TASK DETAILS |
Leave out the pictures, then return the records word for word.

-- -- --

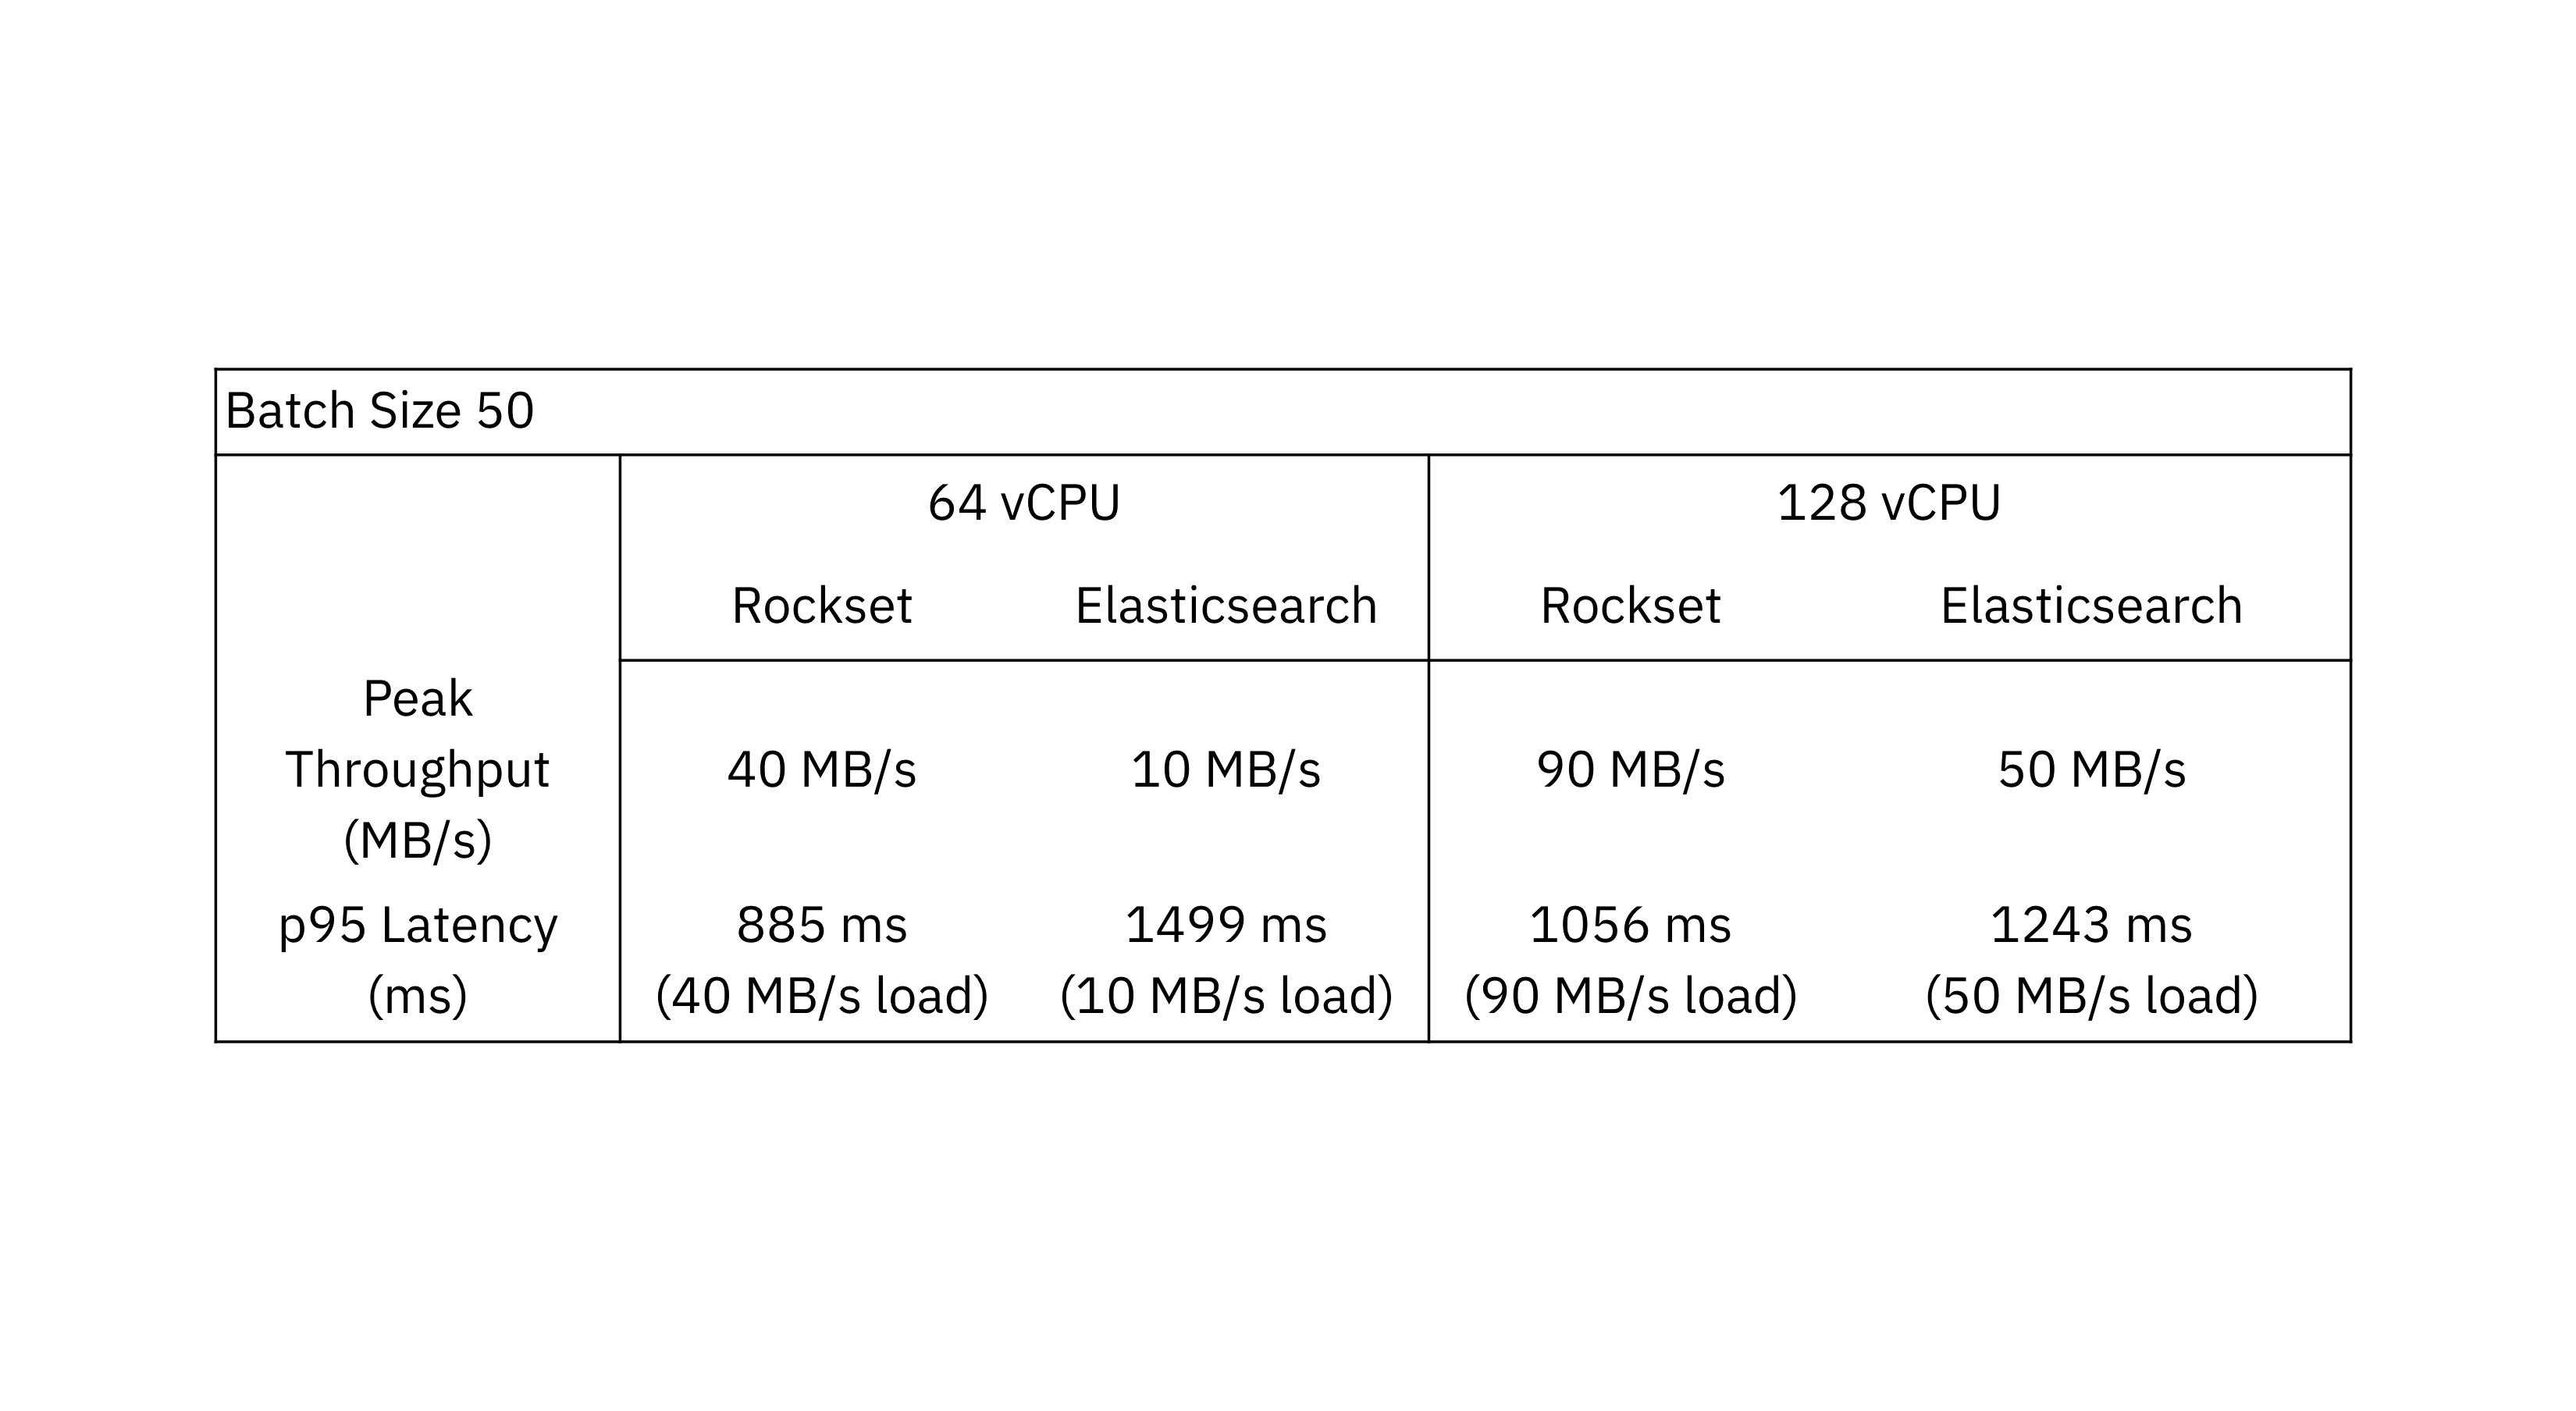 Table of the peak throughput and p95 latency of Elasticsearch and Rockset. Databases were evaluated using vCPU 64 and vCPU 128 instances and a batch size of 50.
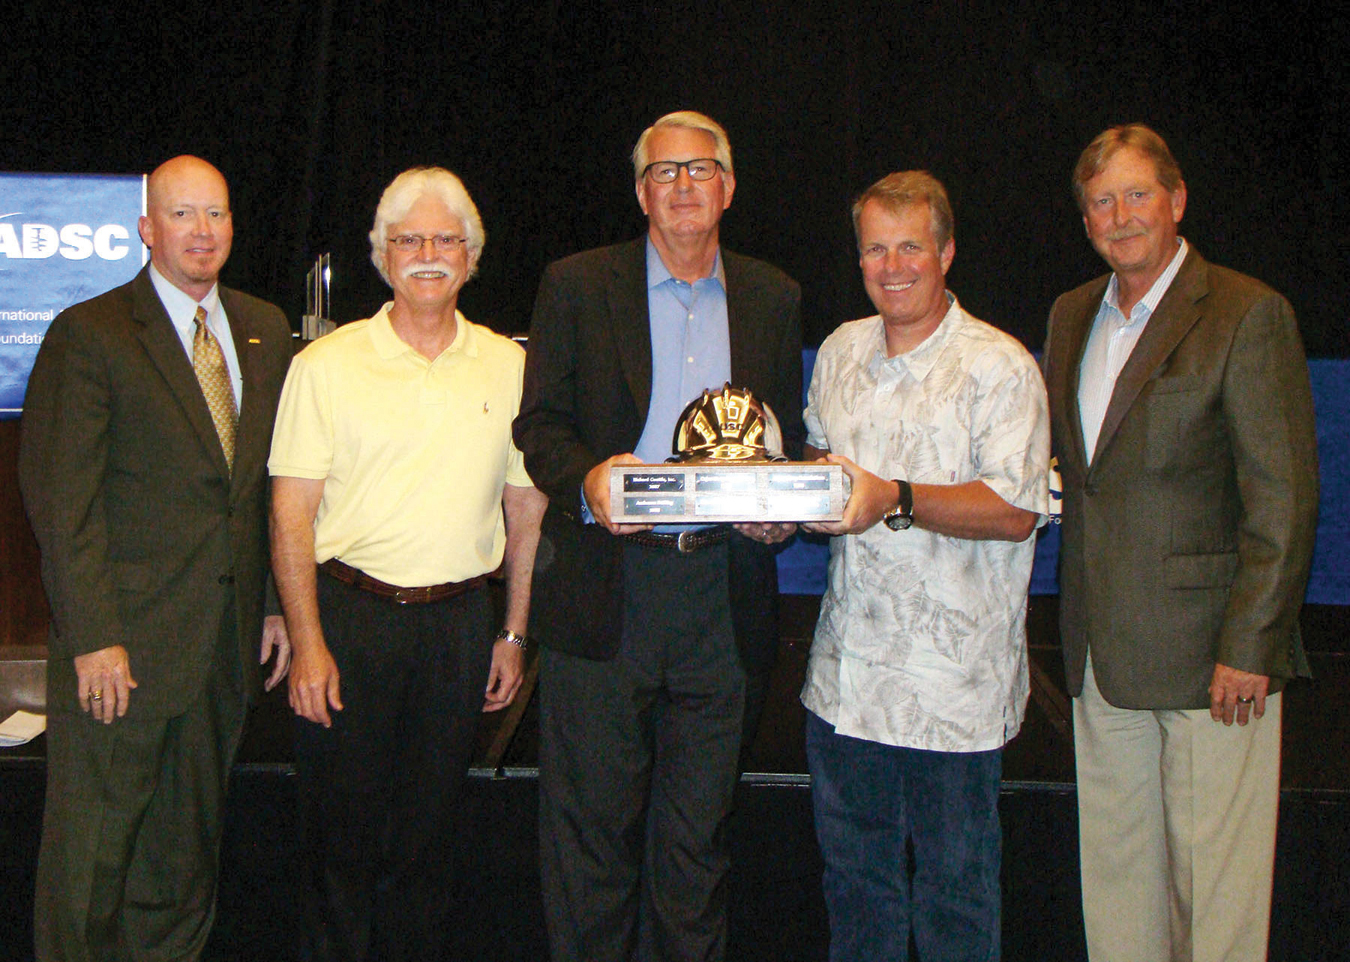 Rick Walsh and Steve Scherer accept the Rick Marshall Commitment to Excellence in Safety Award for Hayward Baker during the annual ADSC Awards Luncheon in July 2014.
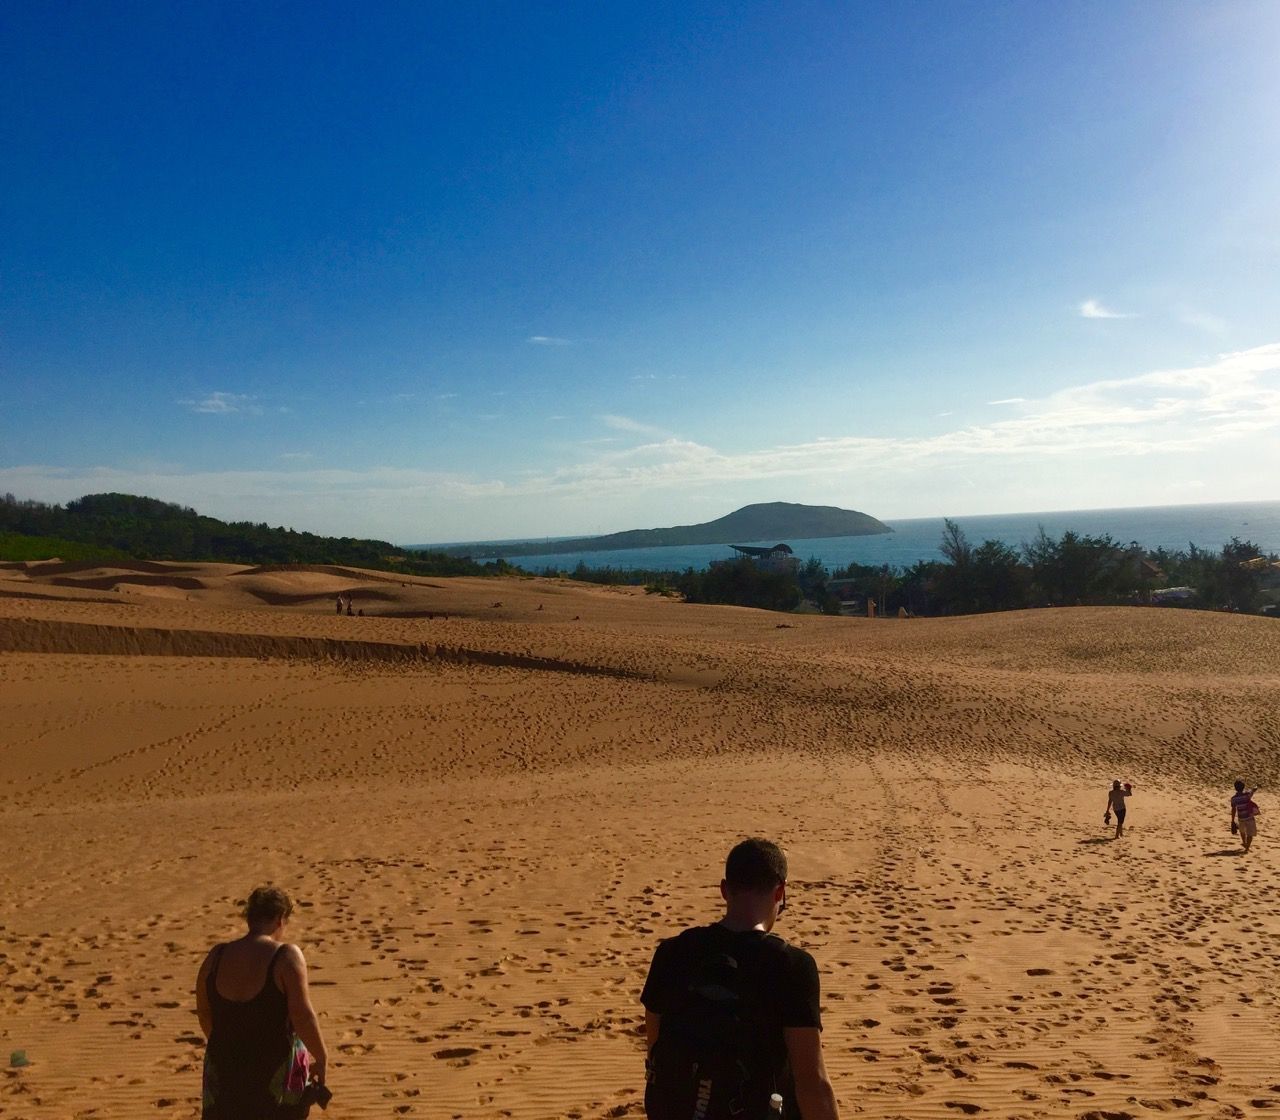 People walking on the red sand dunes.
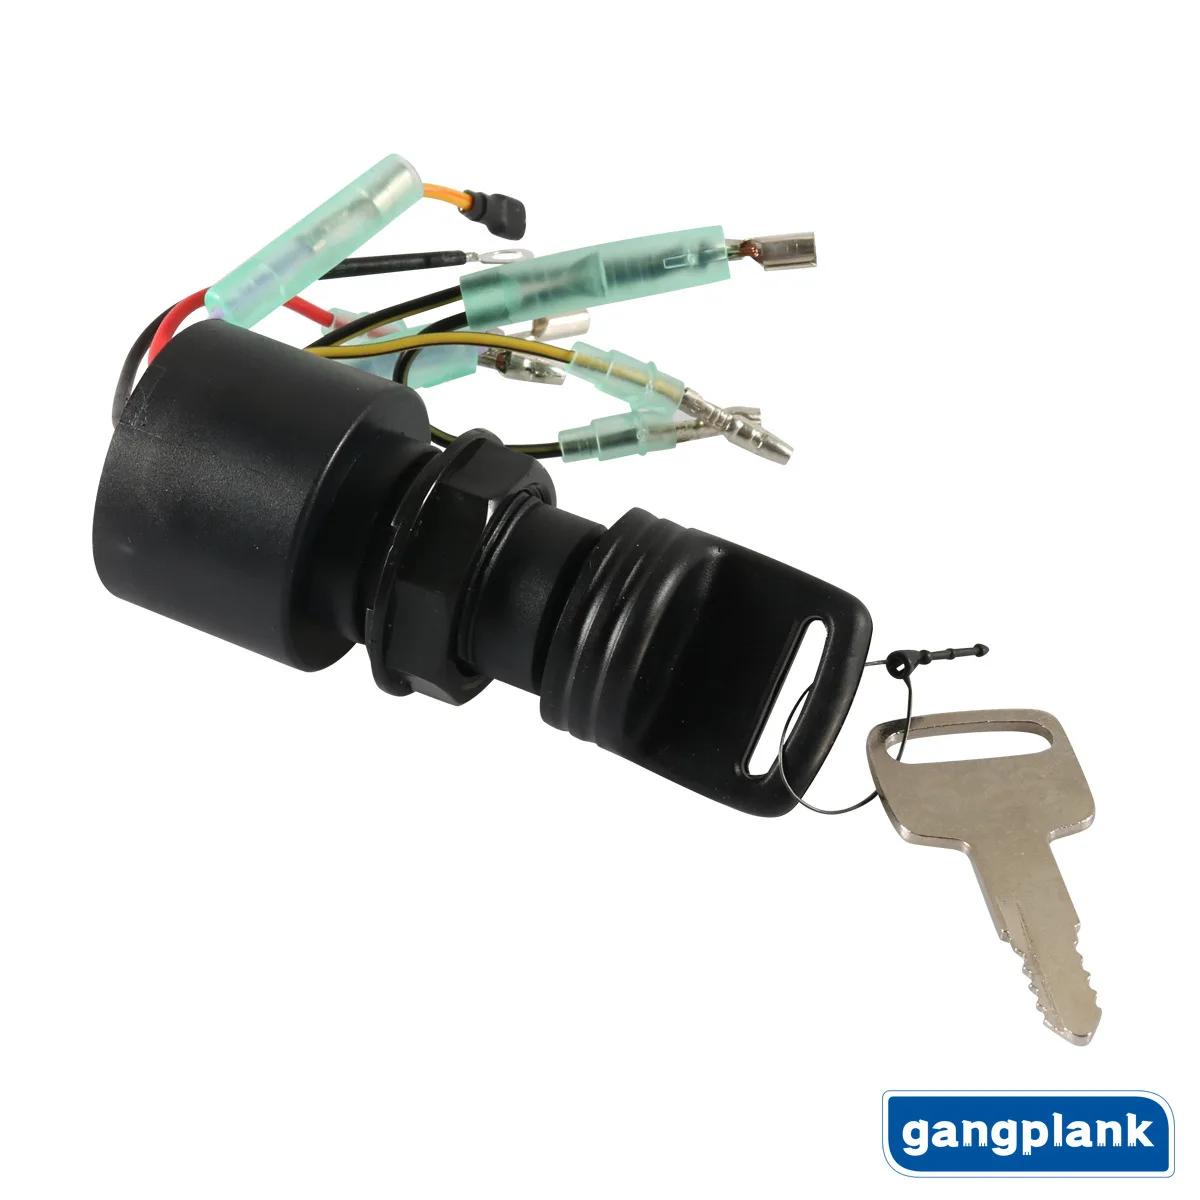 

Ignition Switch Boat Engine Motor Side Control Start Switch 87-17009A5 for Mercury 8717009A2 MP410702 8717009A5 Outboard Motor
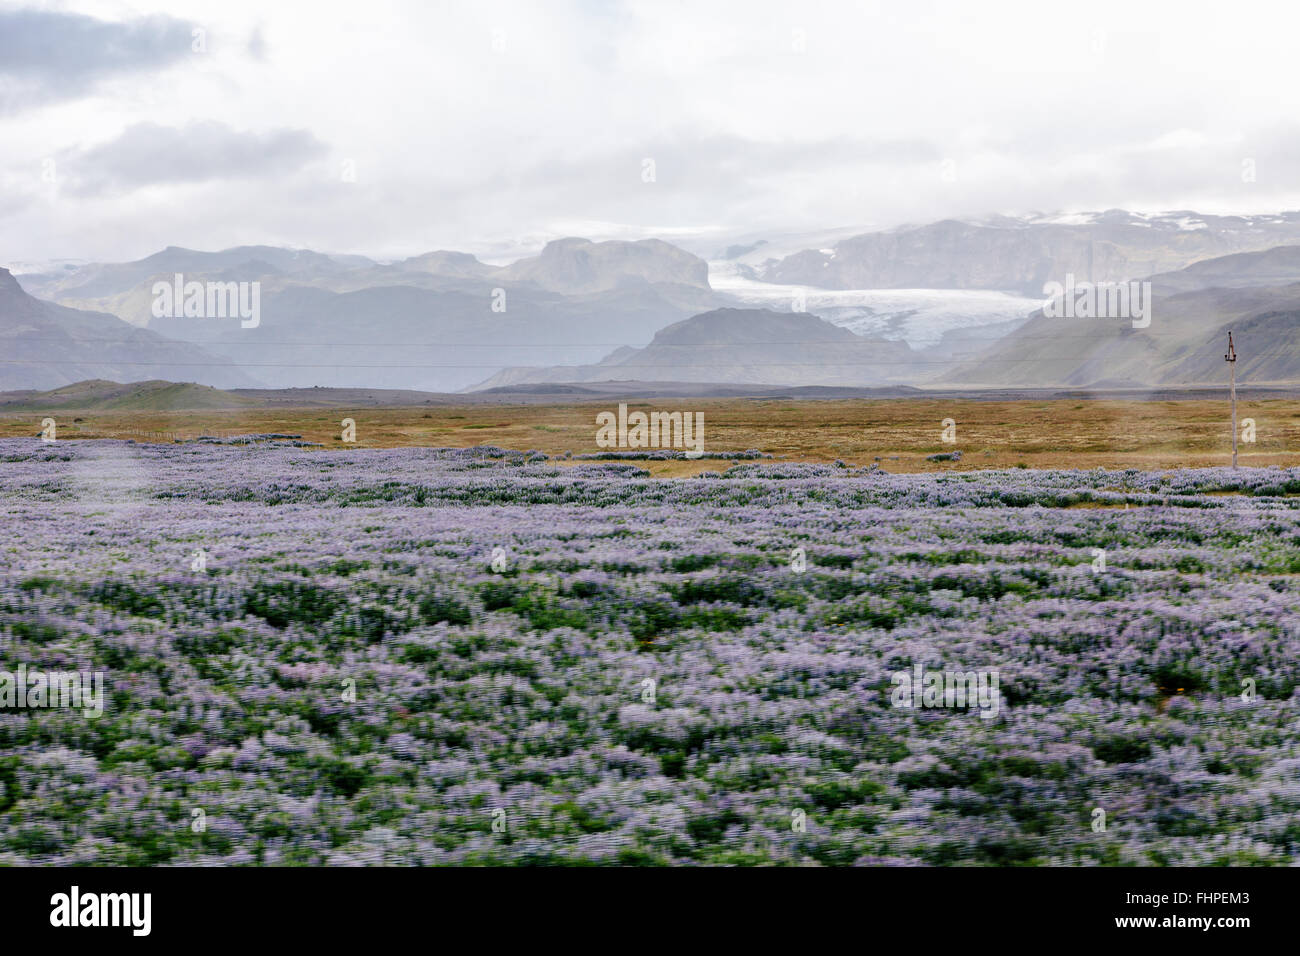 View of a field glaciers and lupin flowers on a roadtrip through Iceland on a rainy day. Stock Photo

-- -- --

PROBLEM SOLUTION |
 Table of the peak throughput and p95 latency of Elasticsearch and Rockset. Databases were evaluated using vCPU 64 and vCPU 128 instances and a batch size of 50.
 Rick Walsh and Steve Scherer accept the Rick Marshall Commitment to Excellence in Safety Award for Hayward Baker during the annual ADSC Awards Luncheon in July 2014.
 People walking on the red sand dunes.

Ignition Switch Boat Engine Motor Side Control Start Switch 87-17009A5 for Mercury 8717009A2 MP410702 8717009A5 Outboard Motor
 View of a field glaciers and lupin flowers on a roadtrip through Iceland on a rainy day. Stock Photo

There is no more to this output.